Intriguingly, both ErbB4 and its ligand Neuregulin1 are risk genes for schizophrenia. Since schizophrenia can involve deficits in sensory gating, implicating the TRN, the authors set out to discover what happens, both behaviorally and physiologically, when ErbB4 is deleted from SOM neurons in mice.

To assay the effect of this genetic manipulation, the authors developed a set of clever behavioral tasks. First, mice were trained on two basic alternative choice tasks. In the auditory version of the task, a high frequency sound indicated that the mouse should go right for a water reward, and a low frequency sound indicated the opposite. In the visual version, a light on the right indicated that the mouse should go right for reward, and vice versa. Both the normal wild-type and ErbB4 knockout mice learned this task equally well.

Next, the authors made life difficult for the mice by introducing distractors and misleading cues. In what they call the auditory-auditory task, the target cue is embedded in a sequence of distractor cues, which have a different timbre and are therefore distinguishable from the target cue. The mouse must ignore these distractors in order to successfully complete the task. In the visual-auditory task, mice that have been trained on both versions of the basic task are given both visual and auditory cues simultaneously. The mice must then learn to ignore the auditory cues, paying attention only to the visual ones.

Remarkably, the authors discovered that the knockout mice performed better on the auditory-auditory task, but worse on the visual-auditory task. The results were the same for a visual-visual task (a task with visual distractors) and an auditory-visual task (in which only the auditory cues are relevant). The authors conclude that mice lacking ErbB4 in somatostatin neurons in the TRN are better at filtering out distractors of the same modality, but worse at suppressing stimuli of the opposite modality that were once salient but now must be ignored.

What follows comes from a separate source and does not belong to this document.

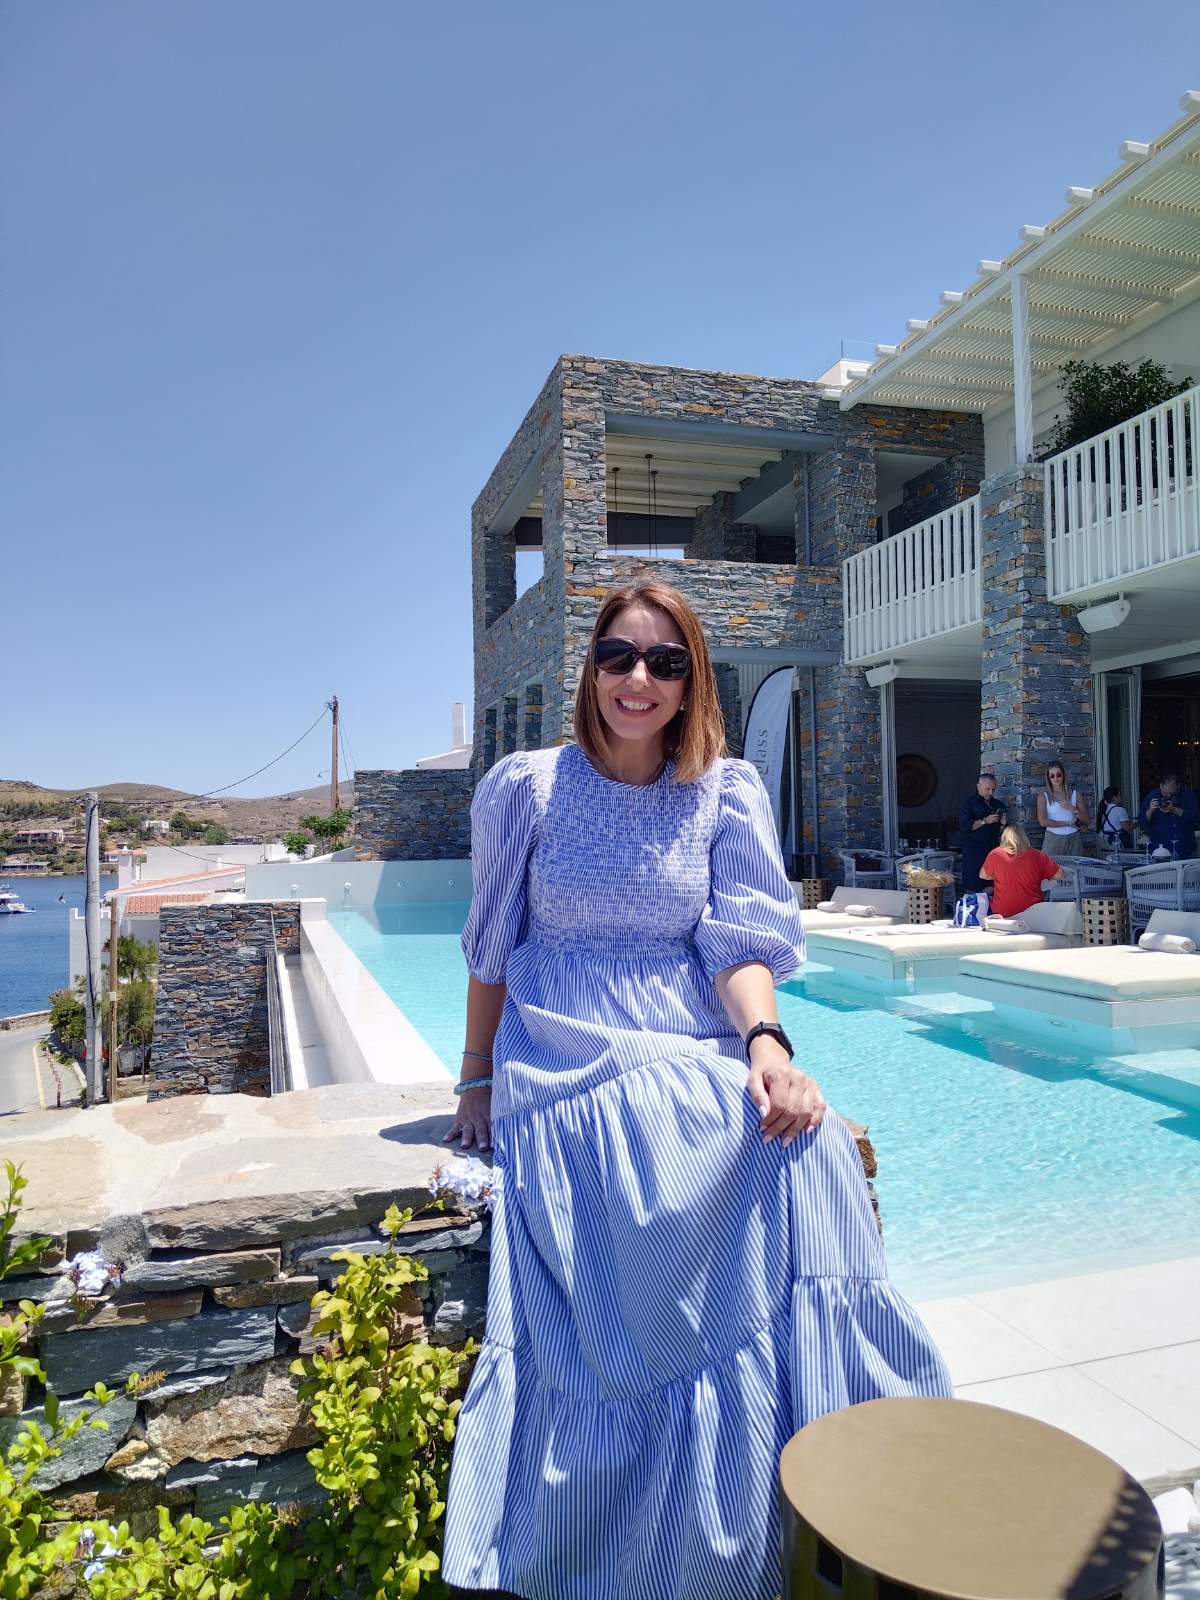 Ydor Hotel & Spa: Το μαγευτικό ξενοδοχείο στην Κέα με την απαράμιλλη ομορφιά και τη θέα στο γαλάζιο

The authors call this latter result a deficit in modality-switching, but a better experiment to assess modality-switching would be to train mice on only the basic auditory task before introducing them to the visual-auditory task. That way, the mice would truly have to switch their attention from one modality to the other, rather than suppress attention to one modality but not the other.

In an impressive set of physiological experiments, the authors demonstrate that this behavioral result is caused by the strengthening of a single type of synapse, from excitatory cells in the cortex onto somatostatin cells in the TRN.  They then propose a circuit model that explains their behavioral results. This model involves connections within the TRN between neurons of different modalities, the existence of which is controversial in the field. The validity of this model therefore awaits further study.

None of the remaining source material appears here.